The greatest accomplishment of the book may be that it allows her parents to live again, giving their stories the light of day. Her mother in particular comes to life with great specificity. Moorer recounts every detail she can remember—her hands, her smell (“like laundry dried on the line with an added bit of spice”), the way she always carried Doublemint gum in her purse—and conjures the picture of a fierce, frightened, and incredibly hardworking woman. “I realize now what a gift she gave me by showing up. I don’t know how she did it. Somehow I got out of there feeling loved by her, and she just did that by force of will. Because she was distracted, and she had a needy husband who wanted all of her attention.”

 

Moorer says she sometimes pictures her mother walking into her home in Nashville and looking around. “I can imagine what she’d say. I can smell how she smelled,” she says, more quietly now. “It’s such an absence. No one else can fill that hole. Not having her little special touches has been one of the hardest things in my life. Not having her to be my mama.” Then, as often happens with Moorer, grace interrupts and she unnecessarily chides herself. “Now, that’s selfish of me. Not having her in the world is a huge absence. She was a light.” 

She often thinks about what life could have been like if her father had gotten the help he needed and says that she sometimes finds Alabama state quarters that she believes he leaves for her. She also feels that her mother is frequently playing with her son. “Grief never goes away,” she says. “It might change shape, but it always has its teeth in you. Trauma you can actually heal from. Writing this book and making this record have gotten me closer to that than I’ve ever been. You’ve gotta get it out of you. You’ve got to tell your story.”

Moorer also found that writing the book and being a parent have summoned more empathy, a theme constantly under examination in the memoir and the new music. On the album she showcases songs from each of her parents’ points of view and even records a song her father wrote a few years before she was born, which includes eerily prophetic lyrics: “I’m the one to blame, but I’ve paid the cost / Time has made me see just how much I lost.”
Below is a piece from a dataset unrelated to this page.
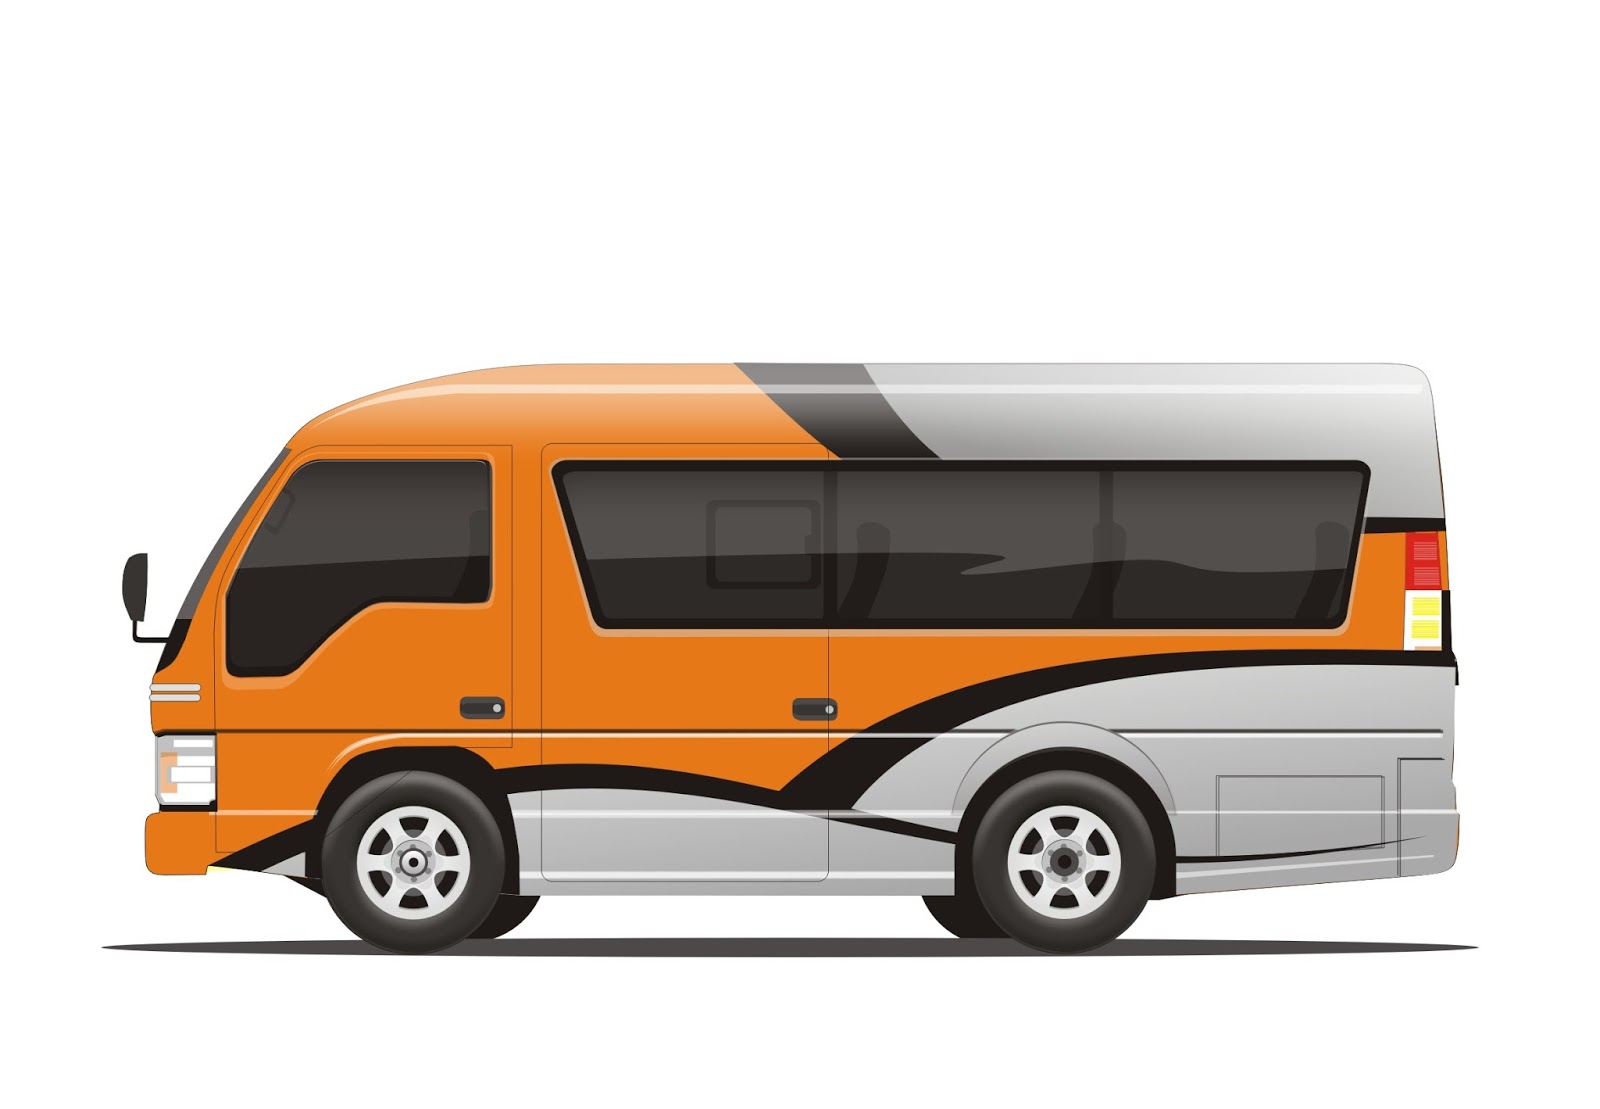 Jasa Design Livery Bus, Medium Bus, Elf, Truck  AfatBenz 
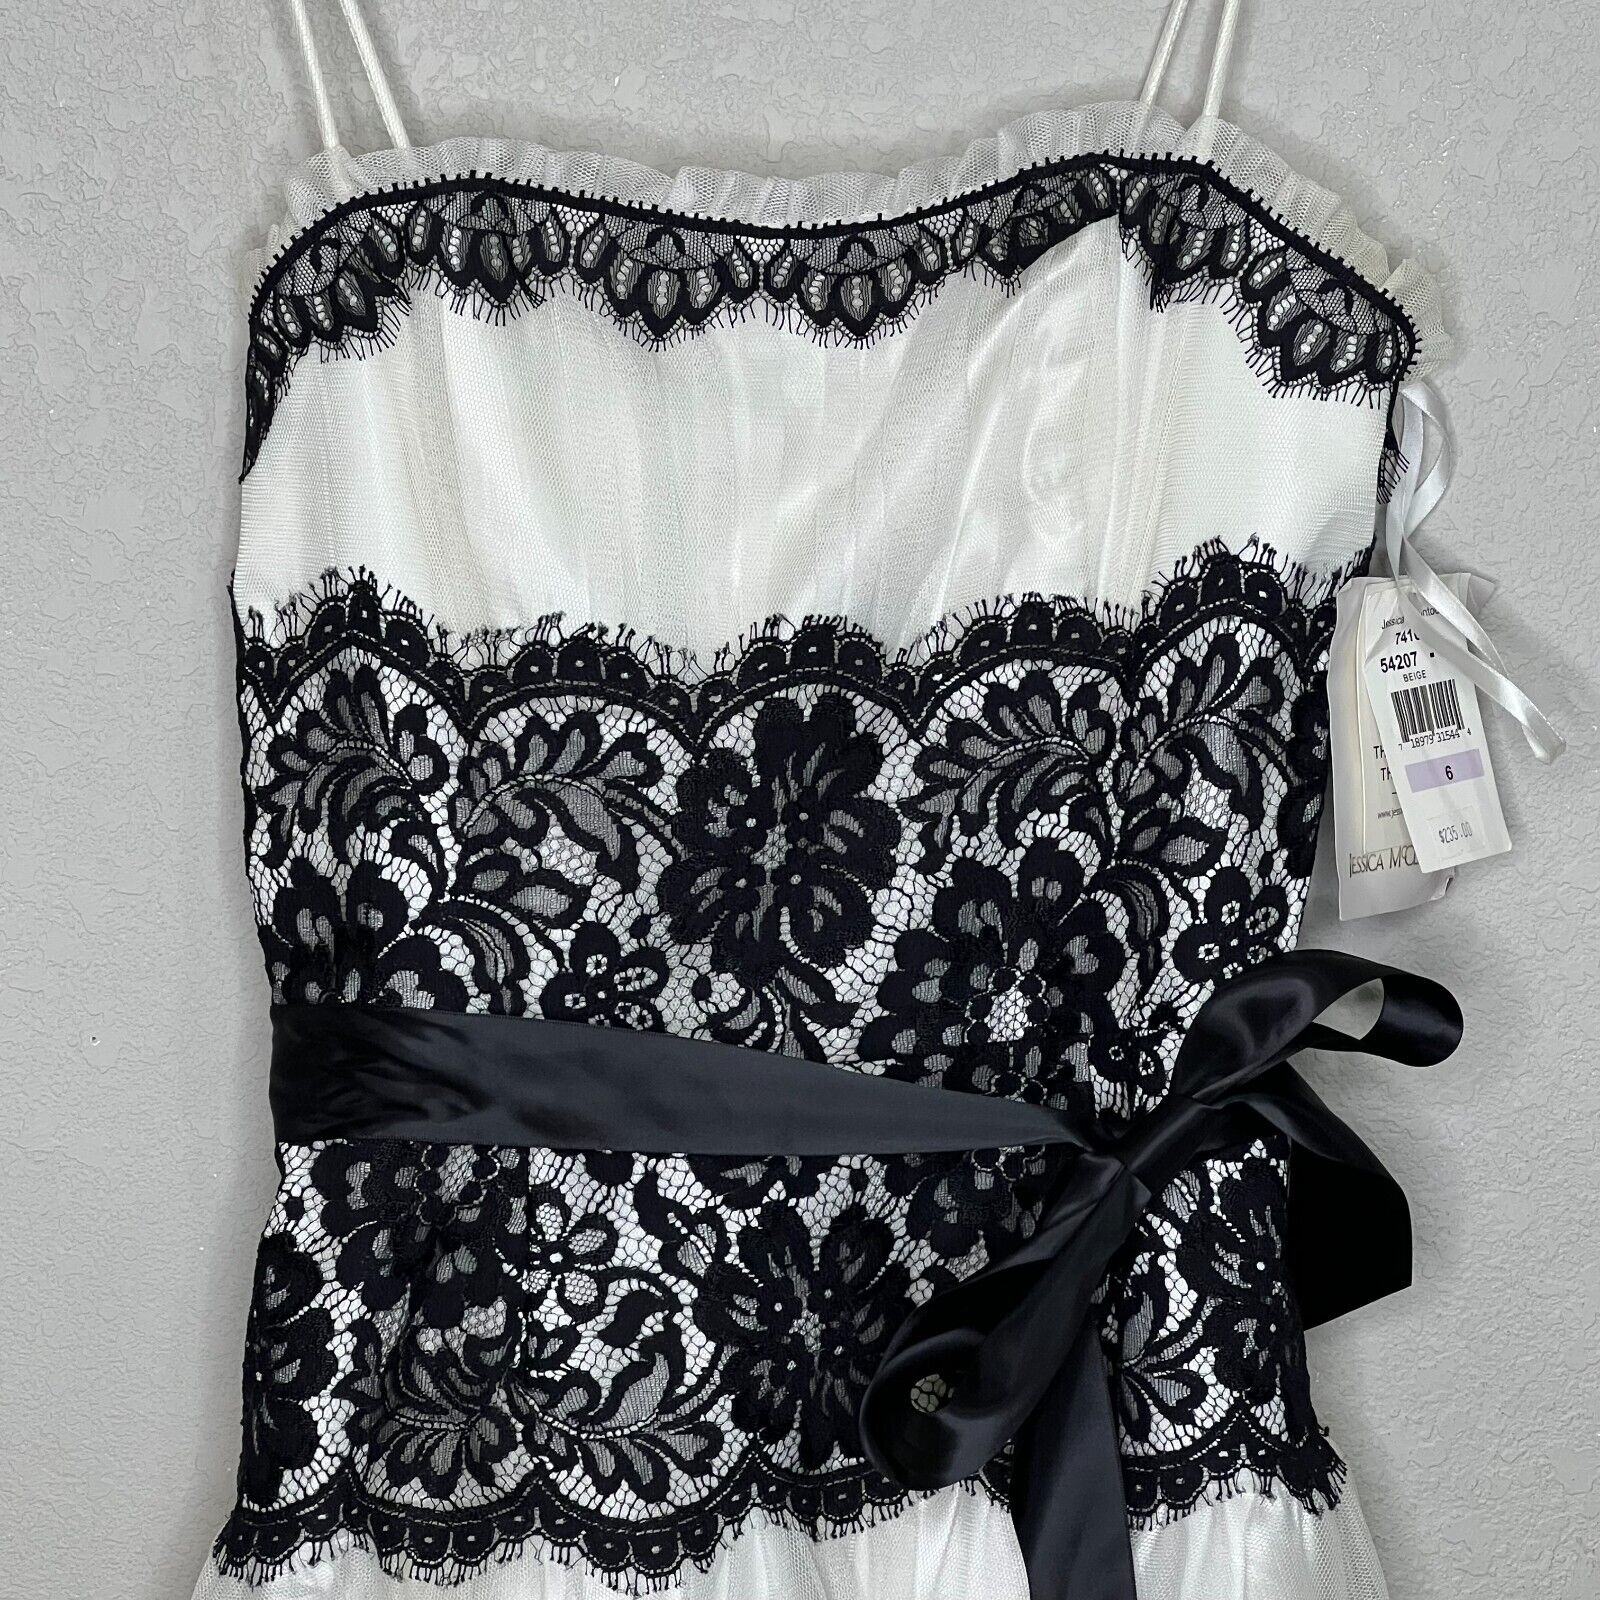 Jessica McClintock Early 2000's White Black Lace Mini Dress 6 / Fits Size XS NEW

At her house, Moorer is seated at her kitchen nook with her small one-eyed dog, Willie, curled up as close as he can get. Behind her the entire wall is covered with a couple dozen family photographs—some current, others from the far past—all outfitted in sleek black frames that make them part of one large installation. Portraits of her son and her mother reveal a startling resemblance. In another picture her father is smiling down at her. “I cannot think about my daddy without feeling sorrow for him, for how miserable and lost he was,” she says. “And that’s just the power of love.” She points to the kitchen ceiling, which is painted a rich turquoise. “I painted the ceilings blue to keep the ghosts out,” she says, referring to the long-standing Southern tradition. “Obviously it didn’t work.”

Moorer has only recently moved back to the South, relocating to Nashville last spring after fourteen years in New York City (much of that time with her ex-husband, the musician Steve Earle). “I missed people making deviled eggs and pimento cheese,” she says. “I missed the warmth of folks. I needed to come home. I don’t really like New York City all that much as a place to live. There aren’t any porches there. Not a whole lot of ‘Hey, I cooked a pot of beans, you wanna come over?’”

She says she feels like she’s on the verge of a second act, a new chapter. Art has always been her way of preserving, of keeping the stories alive. Outside, she pauses at the foot of the porch step, smiling as she watches her son play in a large mudhole he has fashioned with the hose. “I’m so well loved by a whole lot of people who want me to do well,” she says after a moment. “There is no better place to be than that.”

Behind her, the little fern she had soaked before is dripping, its small hanging basket turning back and forth as it struggles with the saturated weight of its soil. Already its leaves seem greener, glistening with water, pressing on for a little while longer.